The police come in – two of them – even though the bar is pretty quiet; classes start tomorrow, which I would have thought meant a packed house, but apparently these students need to make it to class on the first day. The two uniforms spend some time in the booth next to us but I can’t really tell what’s going on. My guess is underage drinking and ID checking. They leave alone. I see the guns and worry about someone getting shot; it’s just that time of year. Of America.

A country boy with a can of Busch Light takes the mic and sings Patience with a southern twang. Ball cap pulled over his eyes, blond curls peeking through. Black t-shirt and jeans. He sounds good and I know I would have had a crush on him during college. I was always a sucker for a good voice.

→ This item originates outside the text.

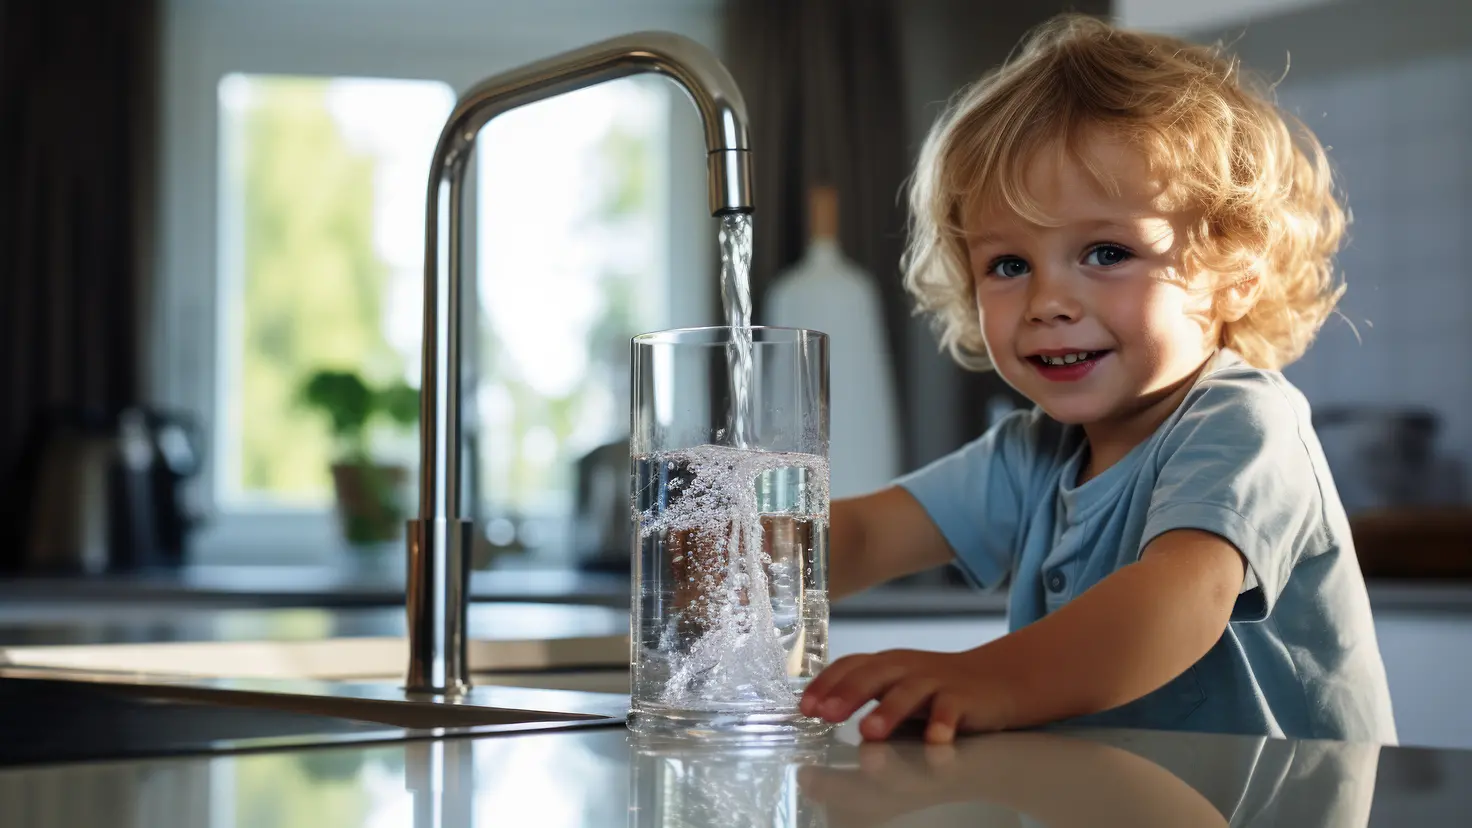 Zu sehen auf diesem AI generierten Bild ist ein dem Betrachter zugewandtes Kind, das sich gerade ein Glas Wasser am Wasserhahn füllt.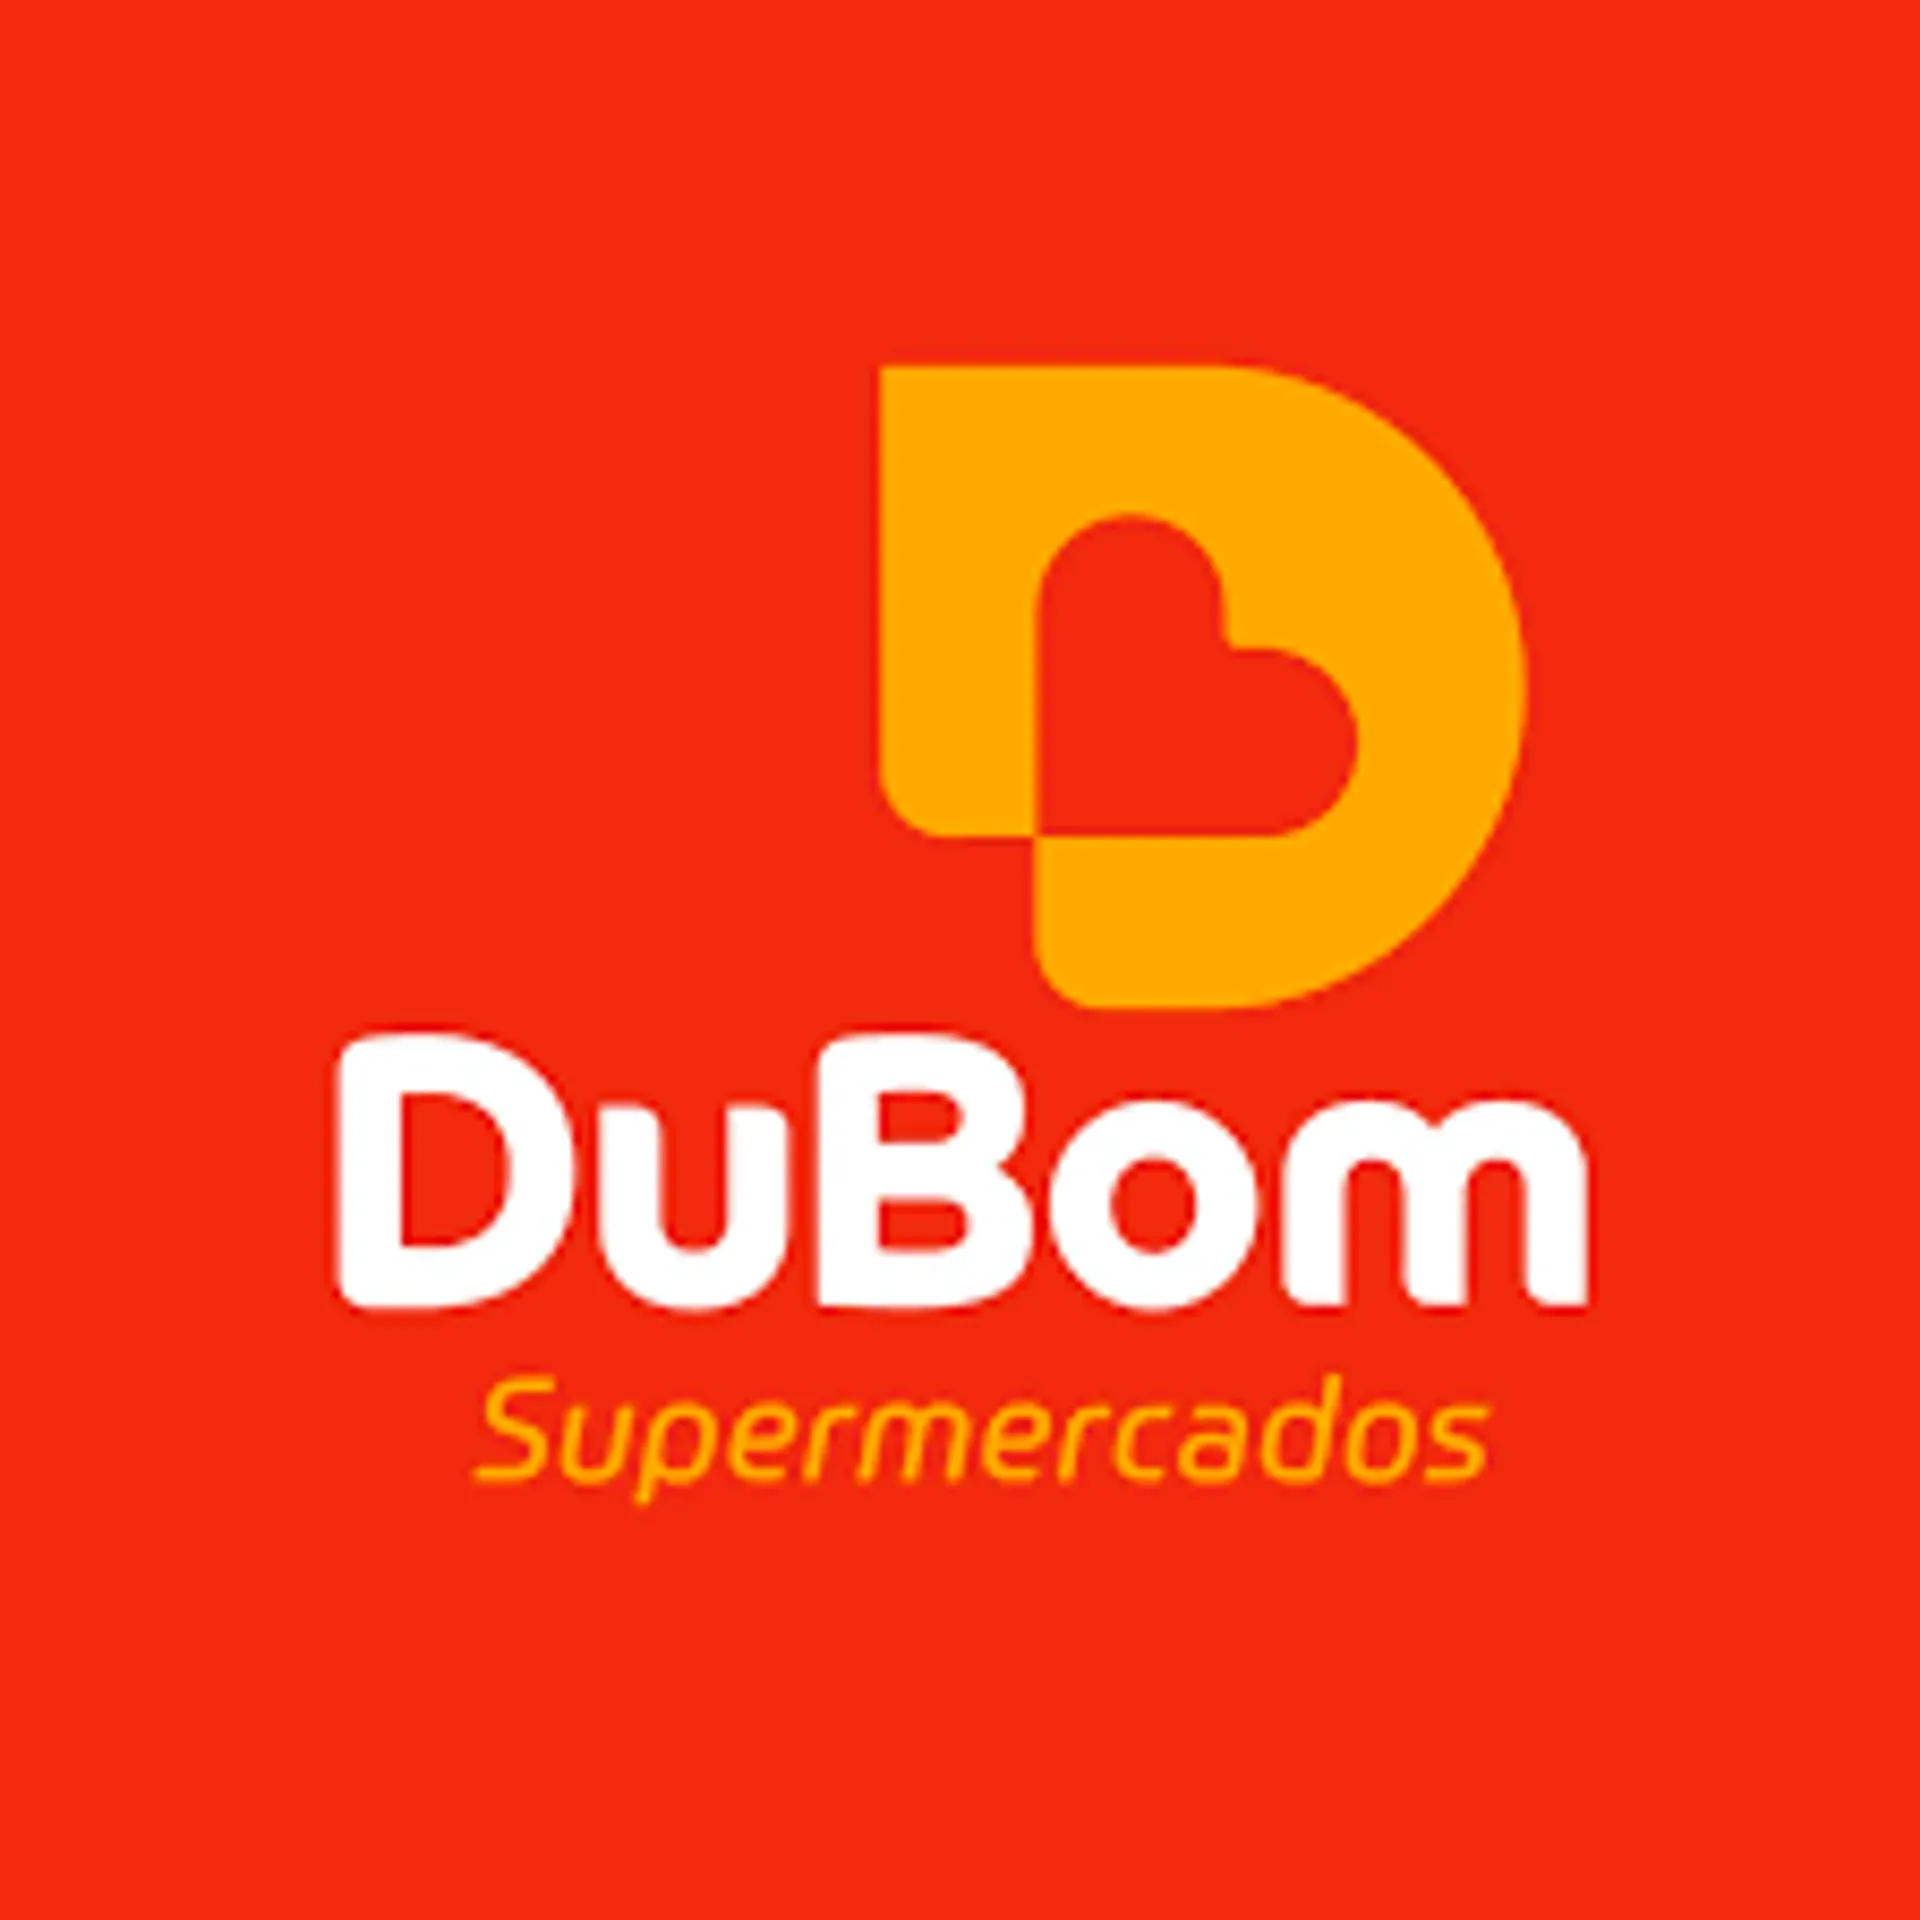 DUBOM SUPERMERCADOS logo

My last song is Pinball Wizard and a drunk college kid gets up on stage with me and asks if he can sing too. I say yes and up he stumbles, beer in one hand, trying to share my mic. I provide him with his own. Not sure if he doesn’t really know the song, or if he’s too drunk to really sing, but it’s fun sharing the stage. At the end, he says “We could go on tour. We’ve got something good here.”

The basics:

  • Location: TD’s of Clemson, Clemson, SC
  • Miles traveled: 288
  • Songs sung: Heartbreaker (Pat Benatar), Separate Ways (Journey), Pinball Wizard (The Who)

Don’t give a f*ck (Singing DC, Bonus track)

We sang in a bar located in a hotel basement in downtown DC. Tom, a friend since college, had called around to find a place within walking distance that looked promising for a night of karaoke. This one just happens to be considered one of the best dive bars in DC, and it’s smack in the middle of downtown — a weird contrast to the fancy roof top bar featuring a live Casanova band where we had our first drink.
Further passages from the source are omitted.